Fifty-three thousand hectares of degraded lands in the Sahara zone of Africa have been reclaimed, under the Great Green Wall (GGW) Initiative of the African Union.

The move is to boost agricultural production on the African continent in the phase of climate change.


Ms Nora Berrahmouni, Senior Regional Forestry Officer at the Food and Agricultural Organisation (FAO) Regional Office for Africa disclosed this to the Ghanaian Times here at the opening of a four-day training workshop on, “Scaling-Up Resilience in Africa’s GGW Initiative.”


It was organised by the FAO in collaboration with the Forestry Research Institute of Ghana of the Council for Scientific and Industrial Research (CSIR-FORIG), the host.

Sixty-four delegates made up of research scientists from 14 African countries are attending the workshop to build capacity toward food security, in spite of climate change effects.


The GGW is Africa’s flagship initiative to combat the effects of climatic change and desertification, to transform the lives of millions of people in Africa. It is a partnership that supports communities working towards sustainable management and use of forests, rangelands and other natural resources, toward food security.

Ms Berrahmouni said the FAO was supporting the African Union Commission, the Pan African Agency of the GGW, and six countries in preparing a Green Climate Fund Project to scale up climate actions for the implementation of the African Union GGW initiative to enhance food production.

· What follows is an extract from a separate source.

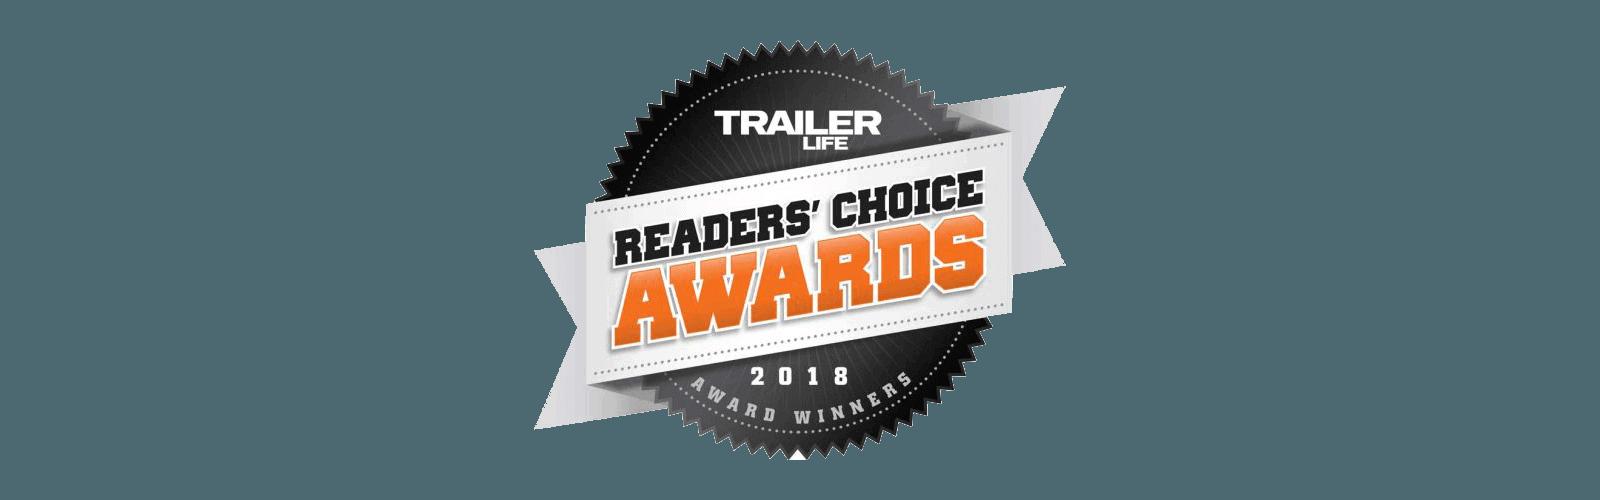 Trailer Life Readers' Choice Award
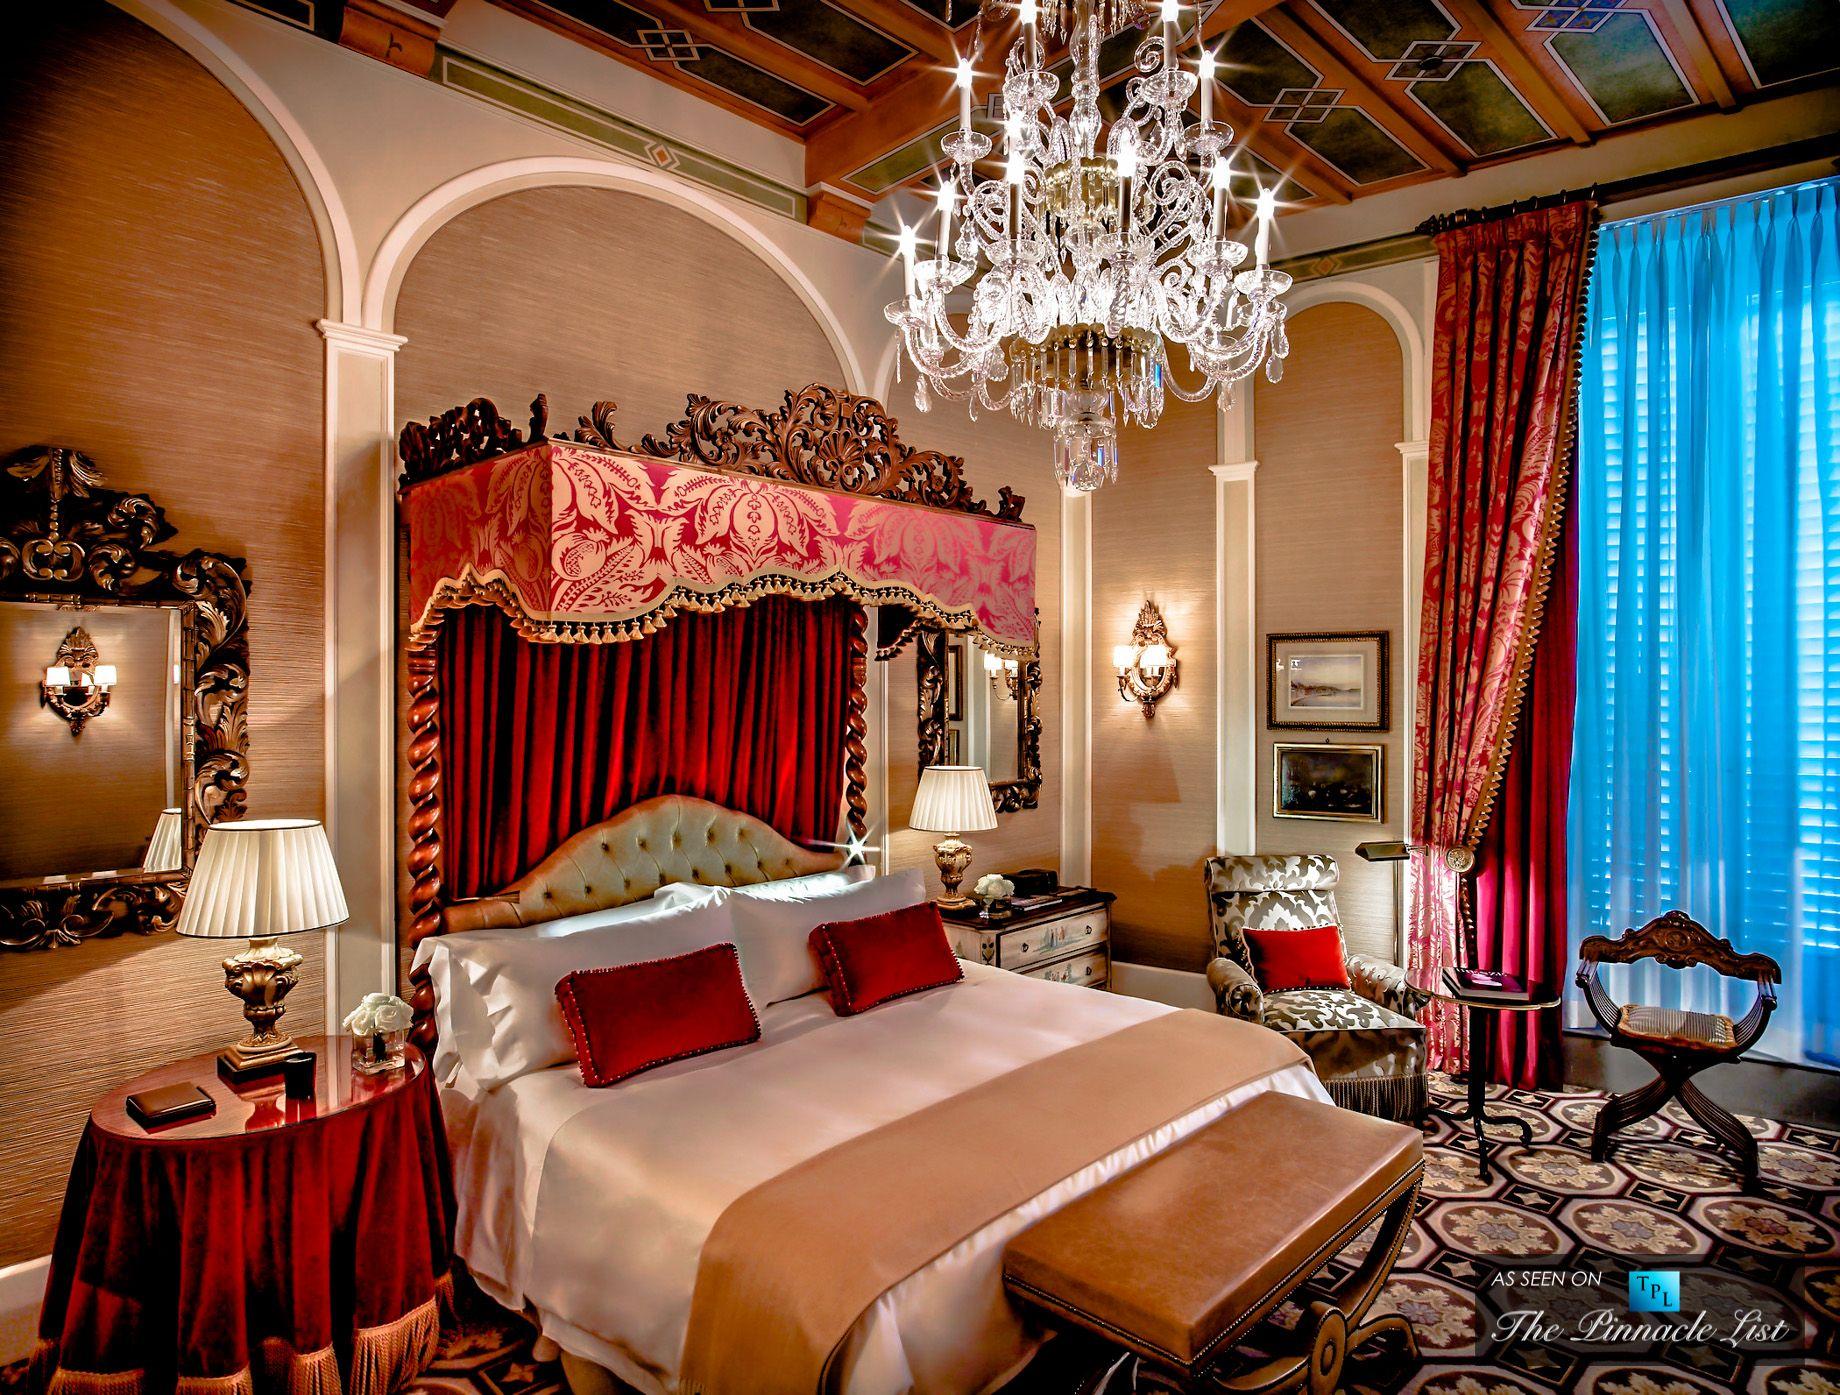 St regis luxury hotel florence italy premium deluxe renaissance style

According to Ms Berrahmouni, the FAO was poised to help communities mitigate and adapt to climate change, as well as improve food security.


She noted that as a programming tool for rural development, the overall goal of the partnership was to strengthen regional resilience and natural systems with sound ecosystem management, protection of rural heritage, and improved living conditions.


She mentioned that the FAO was providing funding to CSIR-FORIG to work together to enable the latter bring on board experience on the establishment of rural resource centres for production and distribution of good germplasm and its associated challenges.


Ms Berrahmouni said with the experience of CSIR-FORIG hosting a national seed centre, they would be in a position to collect, process, store and distribute for planting both nationally and internationally.


Director of the CSIR-FORIG, Prof. Daniel A. Ofori was full of joy that Ghana was supporting the initiative “due to our expertise in landscape restoration, our ability to mobilise germplasm, seeds and seedlings, establishment of nursery and production of quality germplasm”.


He said the Savannah zone of Ghana had a number of tree species and non -traditional forestry products that could be mobilised to support the GGW project.